[Required work]
Retype the listing exactly, with no images.

[Data below]
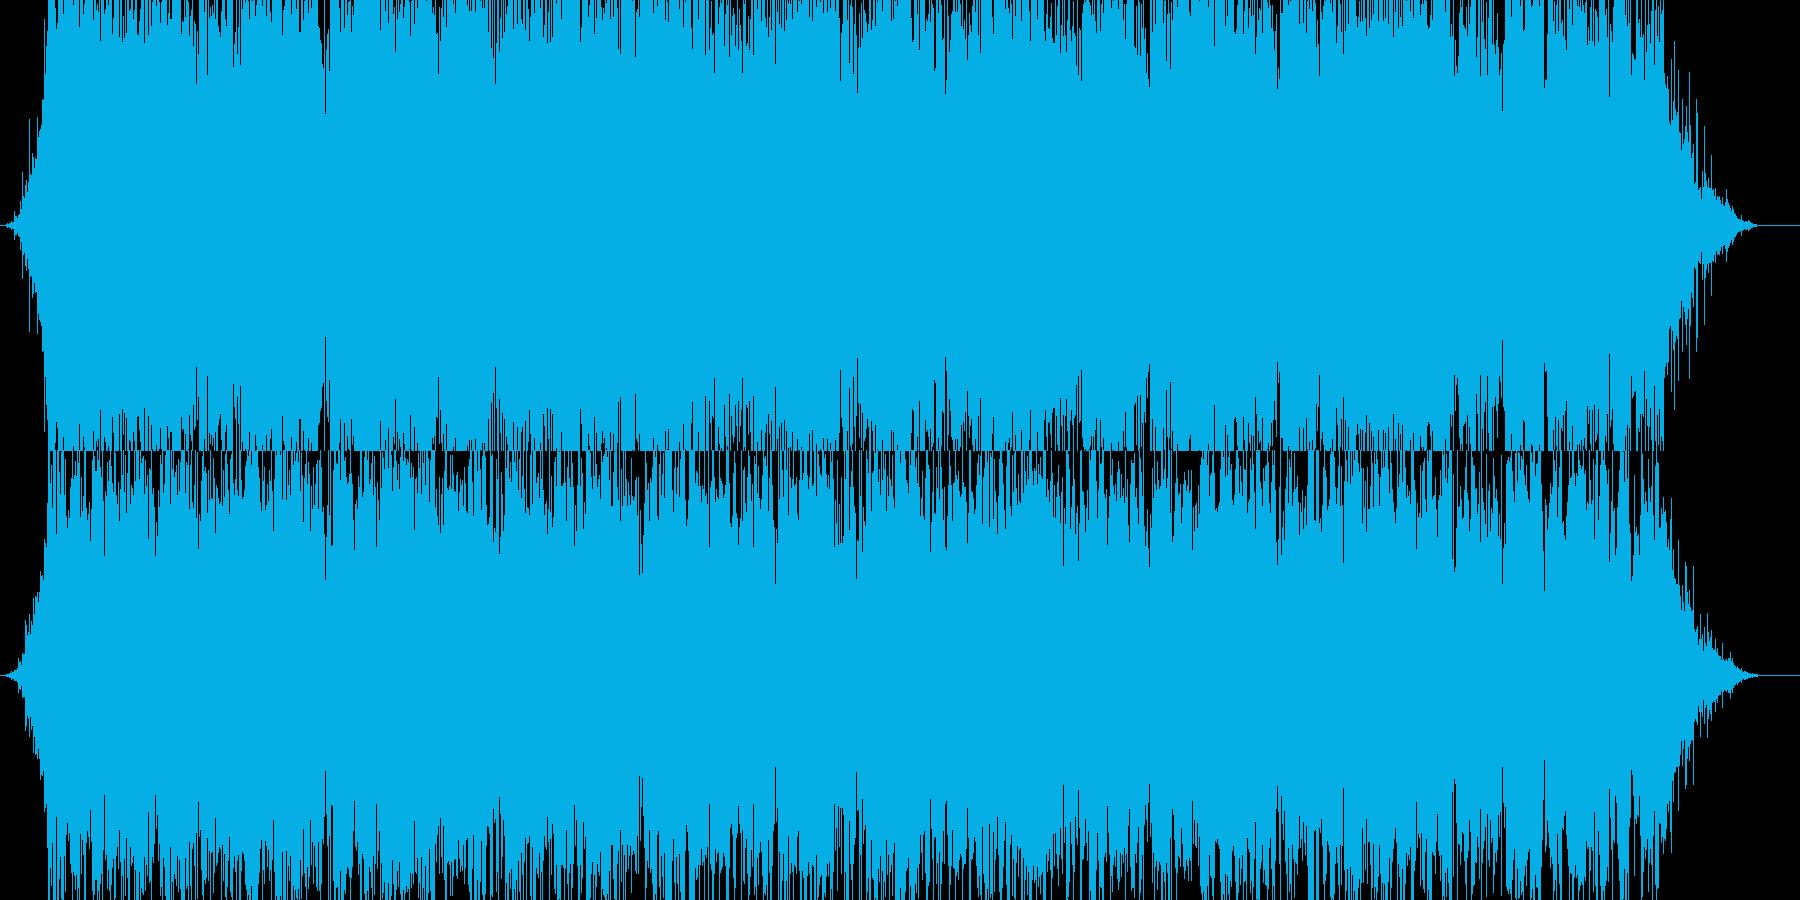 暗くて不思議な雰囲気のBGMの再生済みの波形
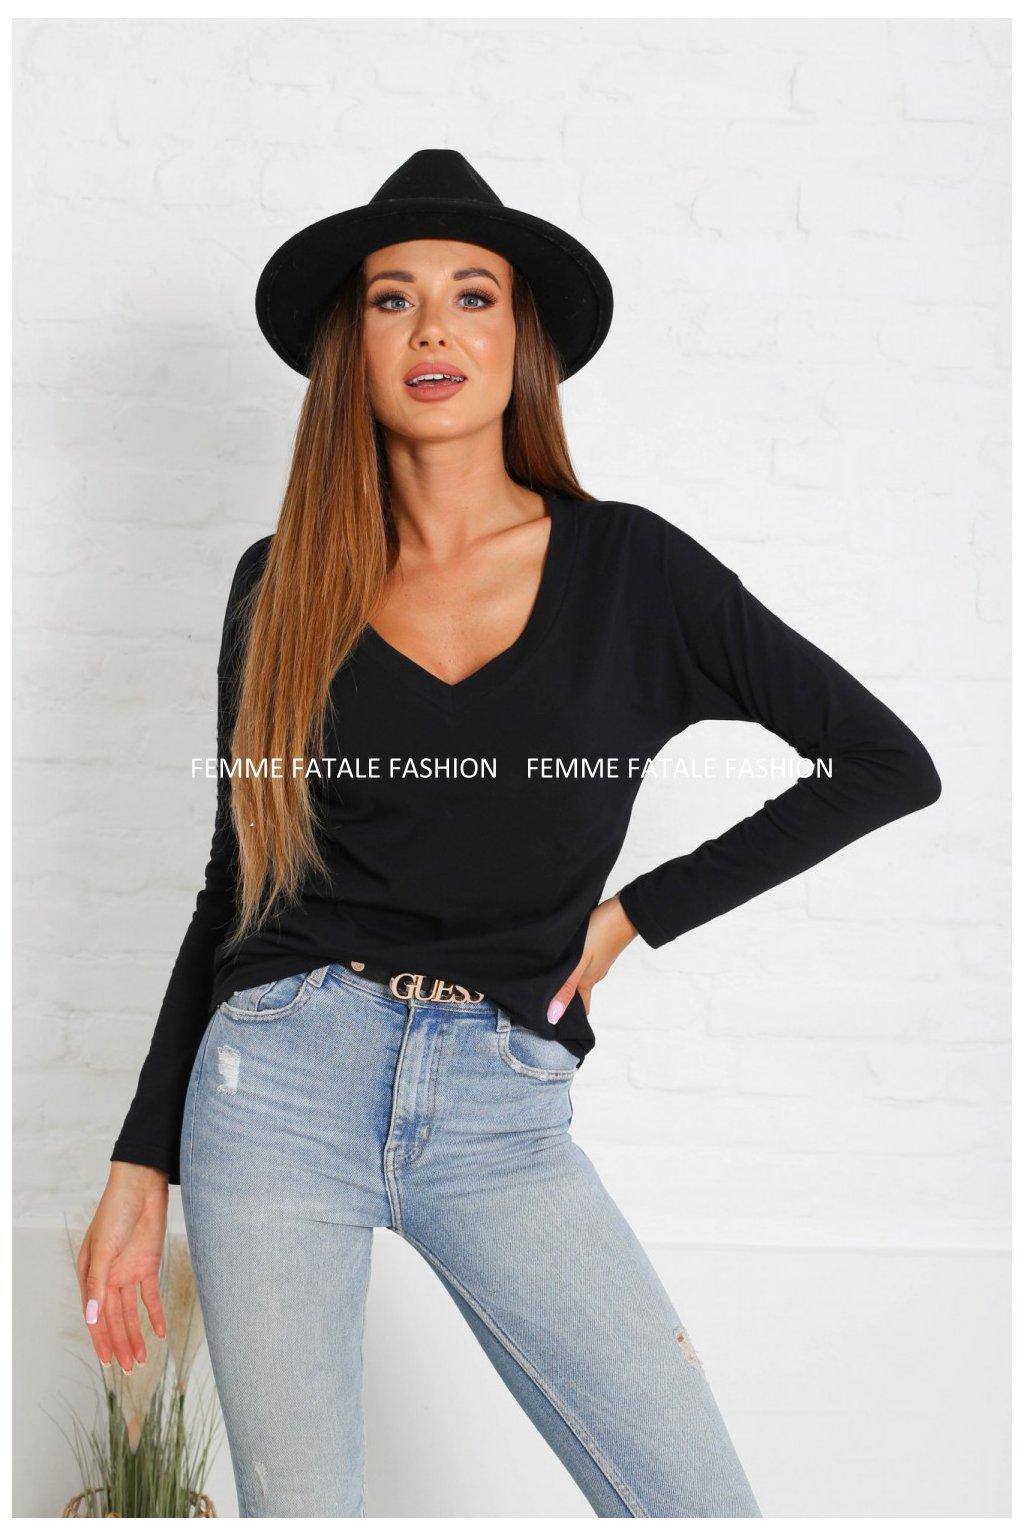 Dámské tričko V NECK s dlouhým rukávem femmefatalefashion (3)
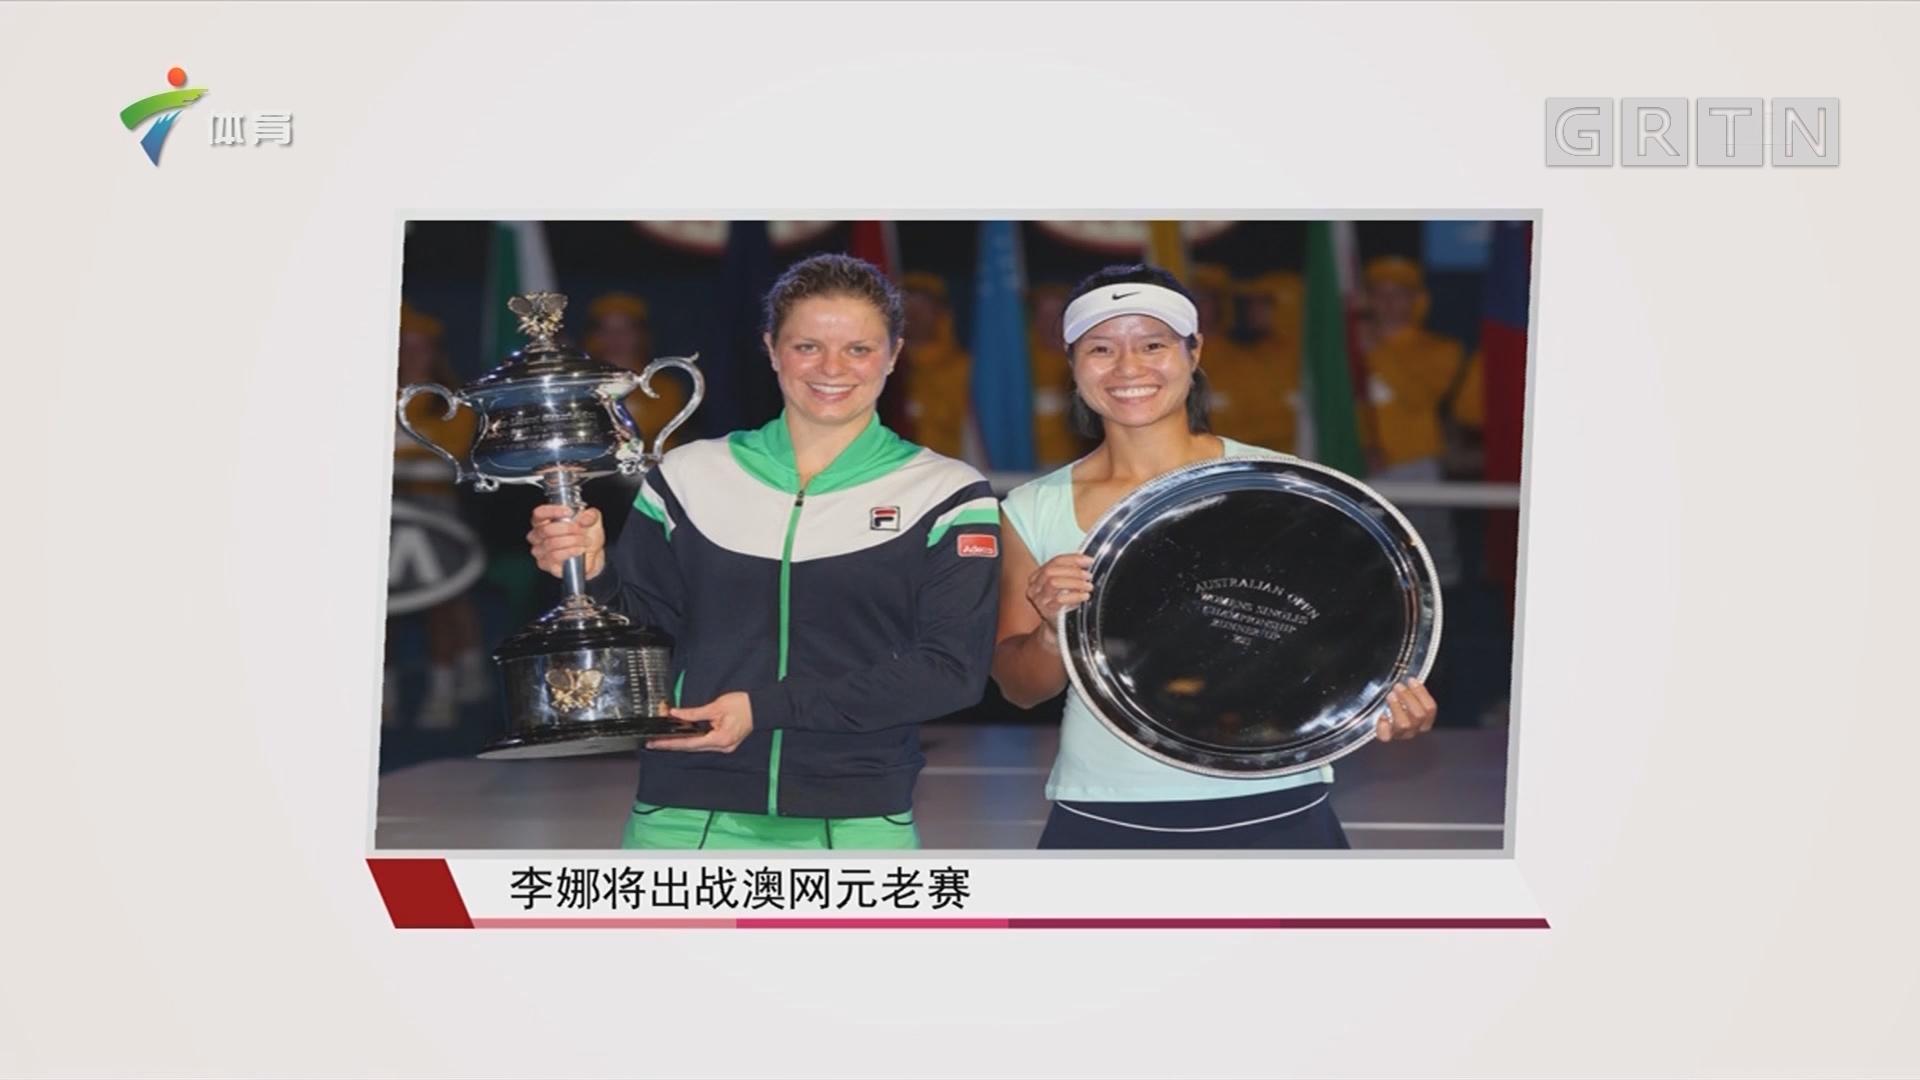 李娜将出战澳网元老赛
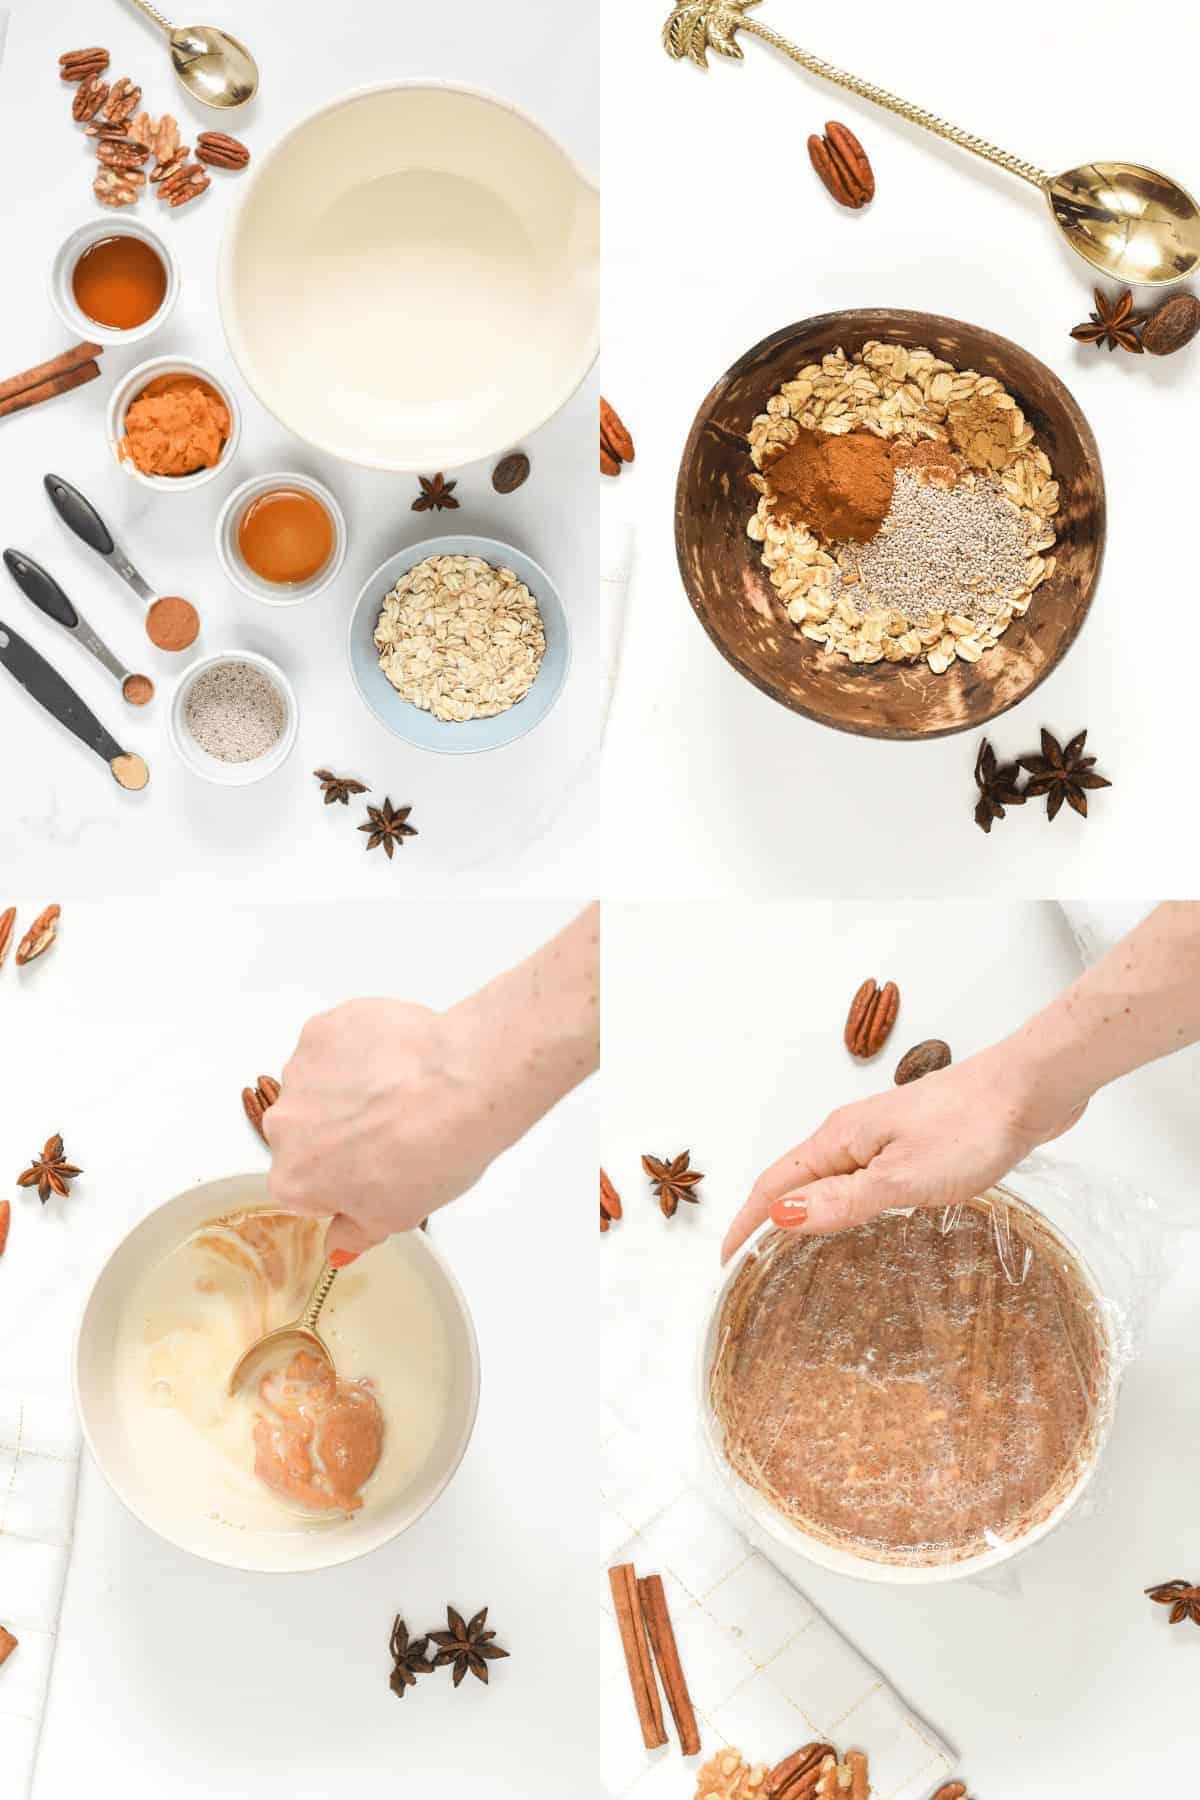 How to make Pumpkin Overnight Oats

[Final answer]
 暗くて不思議な雰囲気のBGMの再生済みの波形
 Dámské tričko V NECK s dlouhým rukávem femmefatalefashion (3)
 李娜将出战澳网元老赛
 How to make Pumpkin Overnight Oats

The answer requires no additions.